Do we lament in this way? Do we follow Micah and Jeremiah and Paul and Jesus in lamenting God’s judgment upon people who rebel against God and choose to reject him?

 

These questions reveal the kind of attitude we have towards the ungodly. Should we pray against them, asking God to honour himself by judging them, or should we pray for God’s mercy on them? Do we love them enough to cry out in pain at the punishment that awaits the wicked? Do we just fling a few Bible verses at them, or do we cry out to God in intercession for them? Are we in fact emotionally hurt by the knowledge that God judges and punishes thousands and thousands of people every day as they die without knowing him?

 

These are disturbing questions, aren’t they! In the church in the Western world, we have largely lost the ability to lament.

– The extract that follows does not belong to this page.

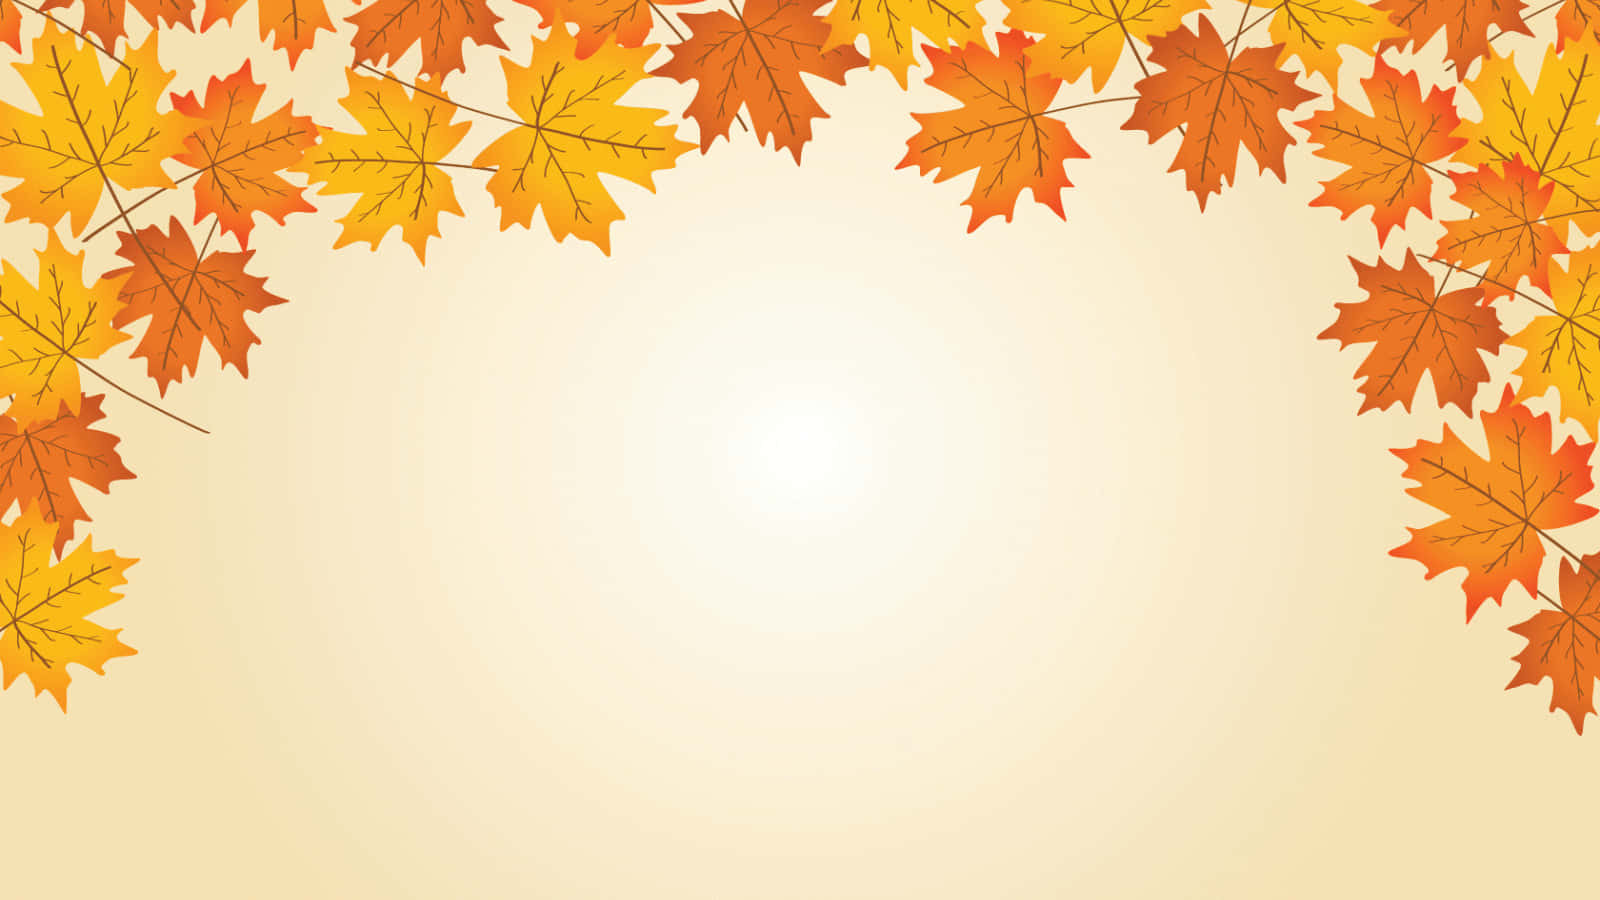 Celebrala Bellezza Dell'autunno Con Questa Adorabile Illustrazione Sfondo

Yes, we may weep and wail over the death of a loved one, and that is perfectly natural and right. But do we have any sense of compassion for the thousands around us who will die and who will experience God’s wrath? And if we do not, how will we ever maintain any real desire for witness and evangelism?

 

Such concern and such lament is not weakness. It does not imply any disapproval of God’s justice, of his righteous judgment against his enemies. On the contrary, it understands the terrible necessity of God’s judgment, but it feels the pain of those who must undergo it. Are you able to identify with that?

 

Realise that God laments over the rebellious. Micah is speaking; Micah is God’s spokesman. Micah laments because God laments. He laments over his covenant people who rebel against him and reject him.

 

Does God lament over you? You have heard it all, and yet you have never turned, never repented. God’s lament is not weakness; it is not a kind of hand-wringing wishing that things were different. God is the Judge who will be honoured through the punishment of the rebellious. And yet, he takes no pleasure in the death of the wicked, but rather that they turn, turn and live! Why will you die? Turn and live!

 

Let me add just one more thought. You will not truly recognise that the gospel of the Lord Jesus Christ is good news for unbelievers unless you begin to be able to lament for unbelievers. Repeat. If you have no sense of the dire situation of unbelievers, and if you do not begin to weep over them, then neither will you share the gospel with them.

 

Brothers and sisters, these are tough words aren’t they. Hear what the Lord is saying to us through Micah’s lament, and ask him to change your thinking today.